BRUSSELS (Reuters) - European Union leaders gave a green light to the main phase of Brexit negotiations on Friday after applauding Prime Minister Theresa May’s efforts to settle divorce terms for Britain’s withdrawal in March 2019.
But despite a surge in optimism that the coming year can set a smooth glide path to a free trade pact via a seamless period of transition, 2018 is studded with pitfalls to test the nerves of negotiators, businesses and millions of ordinary folk.
This is the theory. EU negotiator Michel Barnier is set to calm worried investors and in January offer May the roughly two-year transition she wants to offer stability while a future trade agreement is hammered out. Like all tempting quick deals, though, it comes at a price and the EU’s demands are not ones May will find easy to sell to Brexit enthusiasts. You can keep single market membership, Barnier tells Britain, but you will keep paying Brussels and be bound by all EU rules including ones not yet made, without having a say on making them. Plus, there are quite a few wrinkles that mean “status quo” cannot be quite so simple. Stand by for more long arguments.
EU leaders want to agree their common negotiating position on trade at a summit on March 22-23, allowing talks with Britain to start some weeks after that. But while the 27 member states quickly agreed this year on what to demand from London on the divorce -- notably money and rights for their citizens living in Britain -- they have divergent interests for the future. Close neighbours do a lot of trade with Britain, others further east are more interested in keeping Britain’s military muscle on hand than in tariff-free commerce. The EU has done big trade deals before, but none with an economy so big and so close. This might take some time -- though time is in short supply.
On the other side of the Channel, there is also internal negotiation to be done before trade talks open. Barnier says he understands what Britain doesn’t want -- being in the single market and customs union, accepting EU court rulings, and open immigration. But, he says, what does Britain want? He’s looking for an answer before finalising the EU position. And May is facing battles inside her own government team, or cabinet, and with opponents in parliament, where she has a slim majority, on whether quitting the single market and/or customs union is really such a good idea for the British economy. Those keen on Brexit want a clean slate to cut deals with other parts of the world, but many worry about the cost of new barriers in Europe.
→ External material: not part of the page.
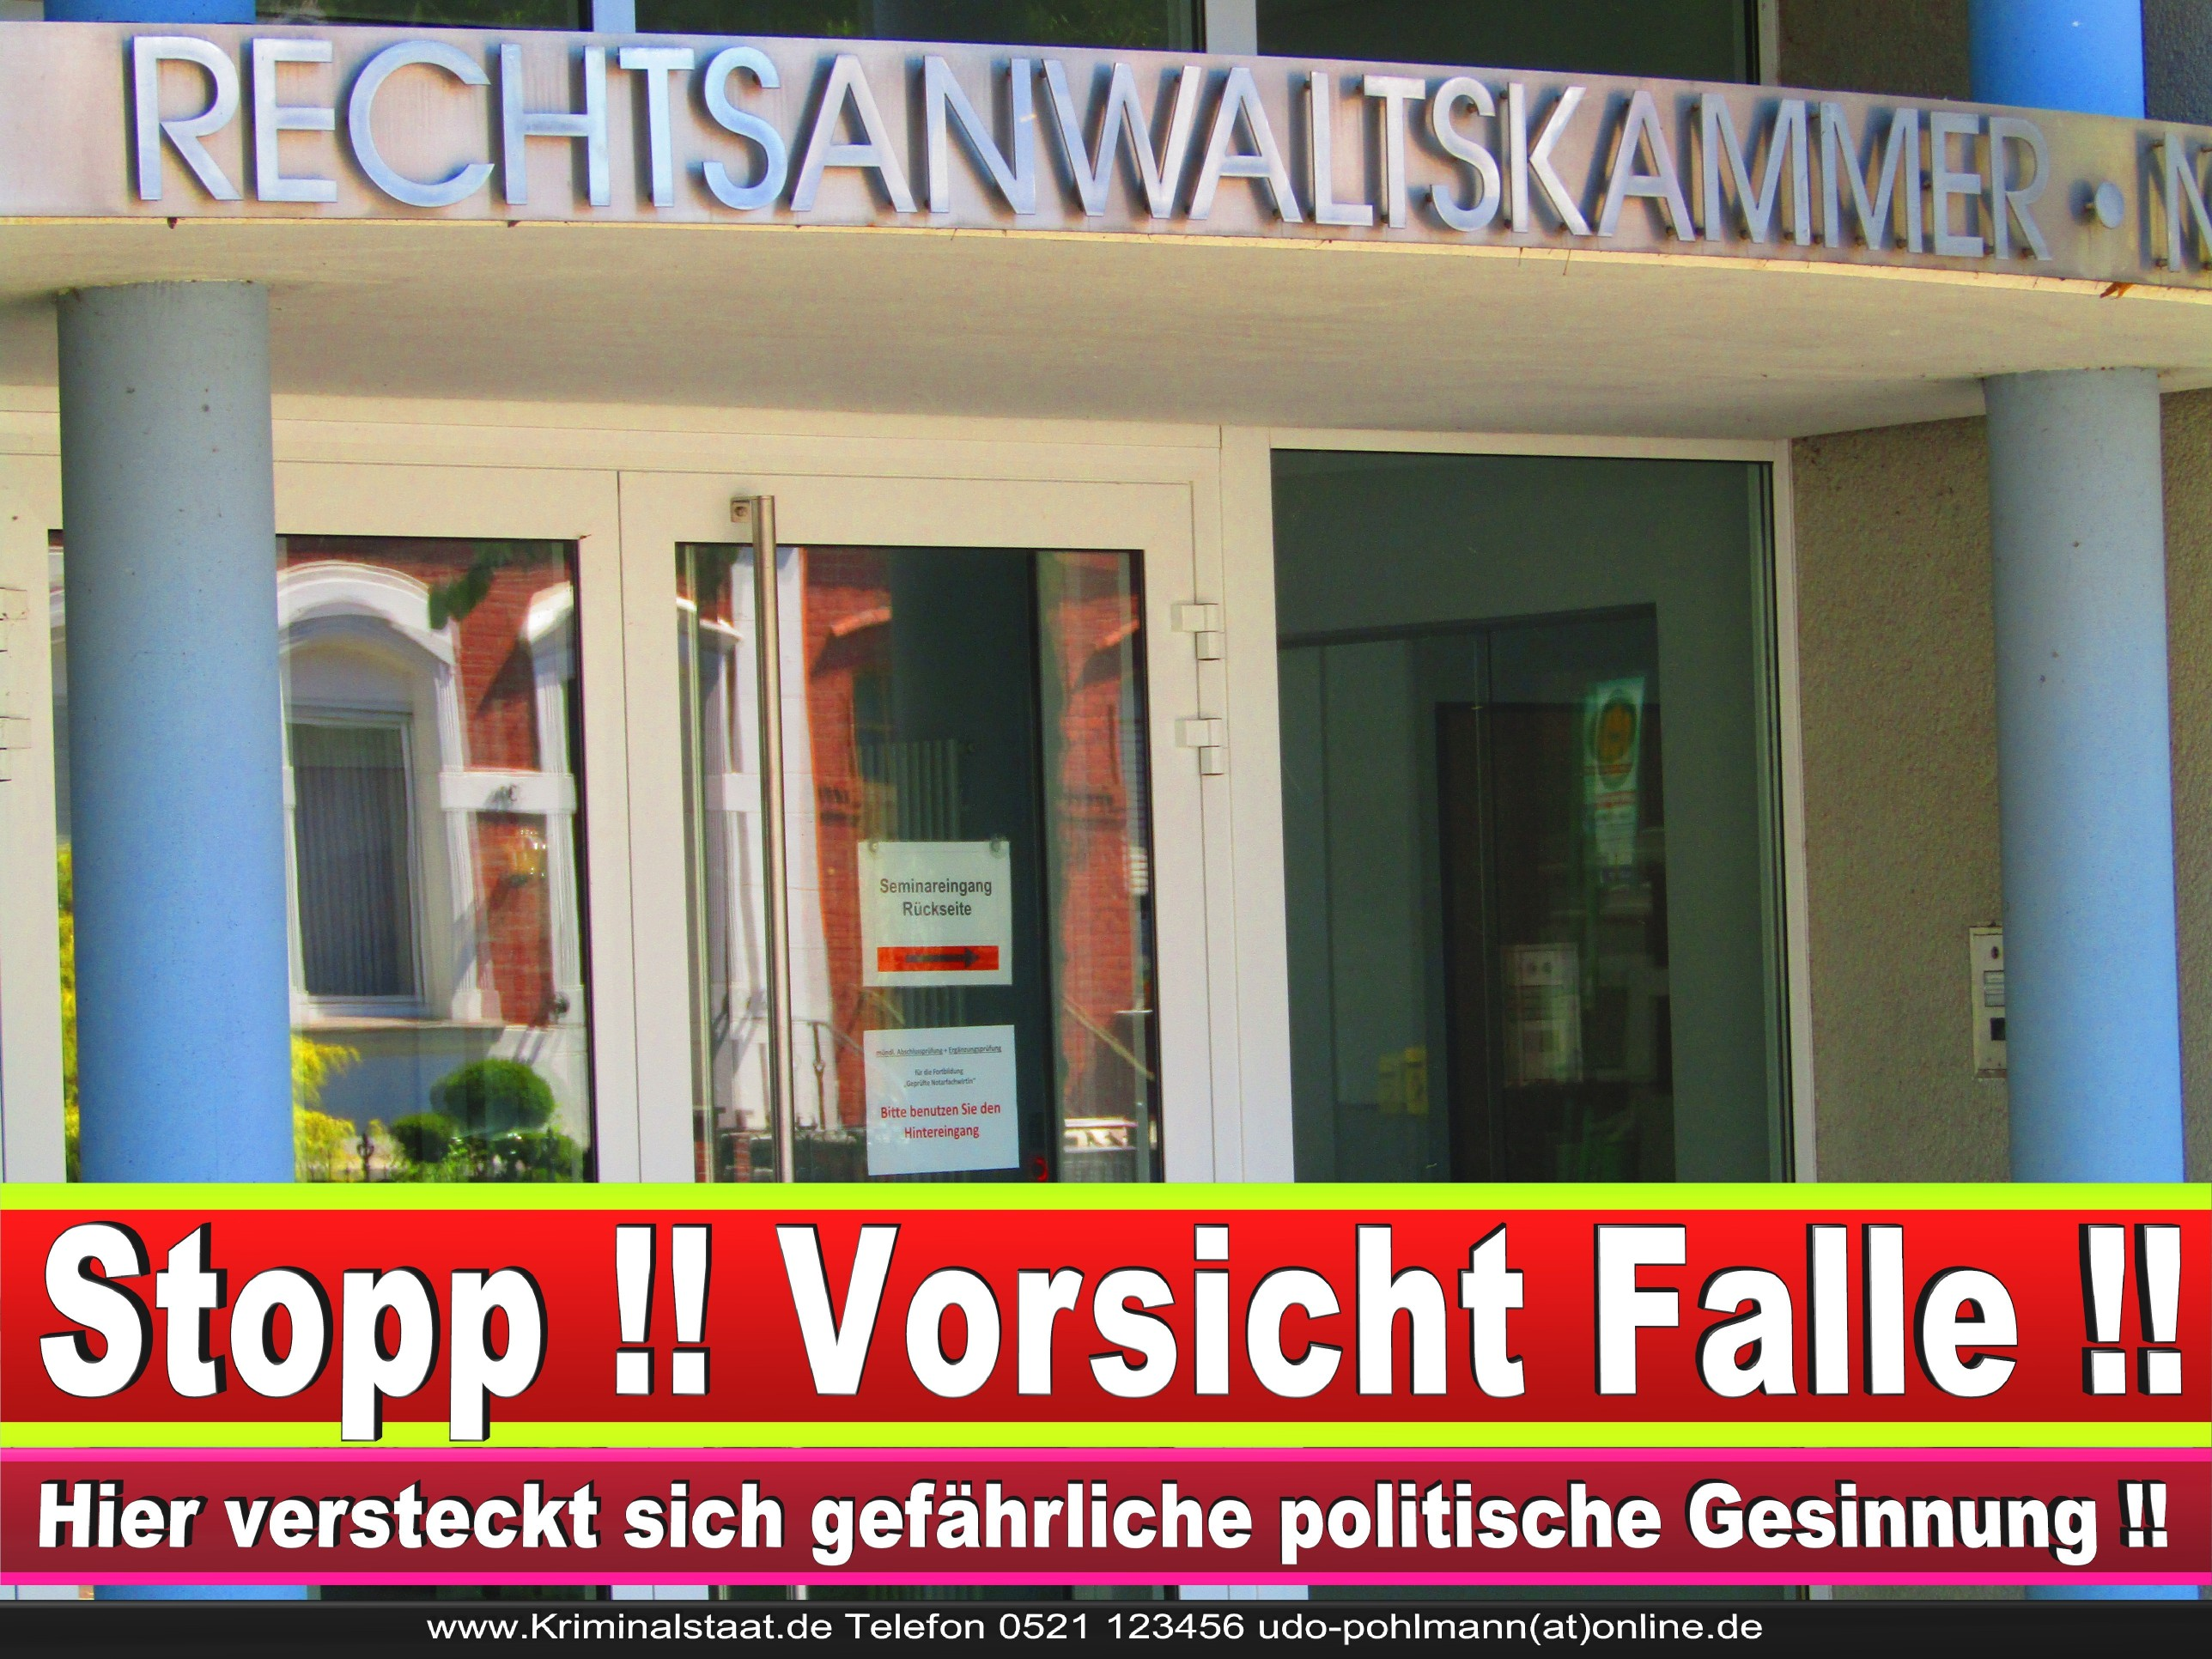 Rechtsanwaltskammer Hamm NRW Justizminister Rechtsanwalt Notar Vermögensverfall Urteil Rechtsprechung CDU SPD FDP Berufsordnung Rechtsanwälte Rechtsprechung (24)

One reason her fellow leaders gave May a round of applause over dinner on Thursday night was to offer encouragement for her perseverance, despite deep splits in her own party, in keeping a semblance of order in a Brexit process she did not want. But can she keep it up? A host of scenarios could see May out before Brexit. Dependent on Northern Irish allies after a botched snap election in June, she was defeated on Wednesday in a vote that now gives parliament a final say on a Brexit deal. When her strongest card seems to be that no one else is keen to take on a thankless job with little future, then stability is not a given.
Last week’s “joint report” with Barnier that unlocked the EU agreement to open trade talks depended on fudging how they will avoid erecting the infrastructure of a “hard” EU-UK border that could disrupt peace in Belfast. Brussels and Dublin will say May must honour a pledge to keep Northern Ireland in “regulatory alignment” with the EU to the south -- effectively in a customs union. But she also promised to keep the north aligned with the rest of the UK and to let the UK diverge from the EU. With her Belfast allies determined to avoid any barriers with mainland Britain and pro-Brexit London ministers set on breaking with EU regulations, May faces a tough task agreeing a “framework” for future relations before Brexit.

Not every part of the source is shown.